What needs to be done: All lines from the one containing "Jane Crochet Long Dress Item # DBO1196" to the end of the entries below should be output exactly as they appear. No other lines should be output.

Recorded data
⁂

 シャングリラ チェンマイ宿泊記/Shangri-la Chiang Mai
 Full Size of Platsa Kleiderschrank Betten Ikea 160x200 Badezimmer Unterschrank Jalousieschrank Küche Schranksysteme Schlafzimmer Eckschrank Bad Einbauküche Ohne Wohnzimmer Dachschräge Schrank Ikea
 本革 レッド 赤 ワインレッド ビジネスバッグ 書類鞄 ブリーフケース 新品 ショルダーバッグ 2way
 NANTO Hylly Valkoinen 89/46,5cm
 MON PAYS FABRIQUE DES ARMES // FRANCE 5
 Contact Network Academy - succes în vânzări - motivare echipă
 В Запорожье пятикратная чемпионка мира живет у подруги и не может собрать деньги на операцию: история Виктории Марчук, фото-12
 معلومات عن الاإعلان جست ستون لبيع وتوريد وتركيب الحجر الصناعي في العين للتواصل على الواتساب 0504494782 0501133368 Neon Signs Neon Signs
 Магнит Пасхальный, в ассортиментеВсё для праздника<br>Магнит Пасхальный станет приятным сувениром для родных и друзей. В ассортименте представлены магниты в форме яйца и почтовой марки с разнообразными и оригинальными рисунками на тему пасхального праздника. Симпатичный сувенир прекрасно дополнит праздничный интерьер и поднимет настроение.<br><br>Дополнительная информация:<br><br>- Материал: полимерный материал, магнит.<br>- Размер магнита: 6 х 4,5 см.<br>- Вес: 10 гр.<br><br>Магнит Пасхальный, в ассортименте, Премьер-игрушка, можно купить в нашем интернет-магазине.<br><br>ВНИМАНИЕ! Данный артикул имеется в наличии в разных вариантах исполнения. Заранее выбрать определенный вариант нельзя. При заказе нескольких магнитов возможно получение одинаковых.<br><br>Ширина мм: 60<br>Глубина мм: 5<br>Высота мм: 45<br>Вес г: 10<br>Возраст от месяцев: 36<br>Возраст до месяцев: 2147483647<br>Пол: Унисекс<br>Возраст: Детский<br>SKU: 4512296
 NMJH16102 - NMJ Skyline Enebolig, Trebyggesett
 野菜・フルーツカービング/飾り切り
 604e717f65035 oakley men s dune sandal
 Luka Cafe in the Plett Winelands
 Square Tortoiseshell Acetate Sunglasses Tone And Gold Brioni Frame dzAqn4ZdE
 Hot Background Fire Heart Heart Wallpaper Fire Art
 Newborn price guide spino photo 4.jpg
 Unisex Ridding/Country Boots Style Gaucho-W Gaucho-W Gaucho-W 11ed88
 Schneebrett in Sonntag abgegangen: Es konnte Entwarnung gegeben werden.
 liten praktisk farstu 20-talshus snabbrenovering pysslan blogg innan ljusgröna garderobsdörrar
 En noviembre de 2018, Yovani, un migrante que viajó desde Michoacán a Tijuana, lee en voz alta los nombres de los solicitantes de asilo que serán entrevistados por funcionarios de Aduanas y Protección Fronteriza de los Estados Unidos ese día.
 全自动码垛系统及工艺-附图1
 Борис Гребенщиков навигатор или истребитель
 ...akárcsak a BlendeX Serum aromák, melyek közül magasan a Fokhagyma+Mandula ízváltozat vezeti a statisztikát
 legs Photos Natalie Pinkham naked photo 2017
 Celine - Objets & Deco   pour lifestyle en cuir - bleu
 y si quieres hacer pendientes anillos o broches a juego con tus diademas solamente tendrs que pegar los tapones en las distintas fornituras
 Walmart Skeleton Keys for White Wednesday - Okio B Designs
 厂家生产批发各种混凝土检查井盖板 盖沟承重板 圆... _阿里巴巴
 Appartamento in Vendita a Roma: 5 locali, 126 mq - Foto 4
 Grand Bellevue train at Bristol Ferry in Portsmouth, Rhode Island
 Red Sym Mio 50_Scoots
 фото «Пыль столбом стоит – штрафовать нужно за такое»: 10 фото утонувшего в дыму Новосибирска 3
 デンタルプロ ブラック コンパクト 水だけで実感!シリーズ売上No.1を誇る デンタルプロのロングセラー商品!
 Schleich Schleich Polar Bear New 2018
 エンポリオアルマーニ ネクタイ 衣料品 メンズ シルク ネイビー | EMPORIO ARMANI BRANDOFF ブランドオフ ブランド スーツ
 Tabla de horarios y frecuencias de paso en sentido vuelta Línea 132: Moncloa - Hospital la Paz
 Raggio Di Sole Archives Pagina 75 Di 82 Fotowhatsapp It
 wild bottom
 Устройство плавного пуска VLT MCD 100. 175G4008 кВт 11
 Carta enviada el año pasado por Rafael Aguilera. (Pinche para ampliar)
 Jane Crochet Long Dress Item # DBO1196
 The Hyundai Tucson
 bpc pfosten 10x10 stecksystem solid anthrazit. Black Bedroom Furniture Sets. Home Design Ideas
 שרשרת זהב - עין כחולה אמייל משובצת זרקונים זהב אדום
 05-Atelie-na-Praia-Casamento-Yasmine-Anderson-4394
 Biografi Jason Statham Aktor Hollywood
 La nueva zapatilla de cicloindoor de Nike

⁂

Answer to this exercise:
 Jane Crochet Long Dress Item # DBO1196
 The Hyundai Tucson
 bpc pfosten 10x10 stecksystem solid anthrazit. Black Bedroom Furniture Sets. Home Design Ideas
 שרשרת זהב - עין כחולה אמייל משובצת זרקונים זהב אדום
 05-Atelie-na-Praia-Casamento-Yasmine-Anderson-4394
 Biografi Jason Statham Aktor Hollywood
 La nueva zapatilla de cicloindoor de Nike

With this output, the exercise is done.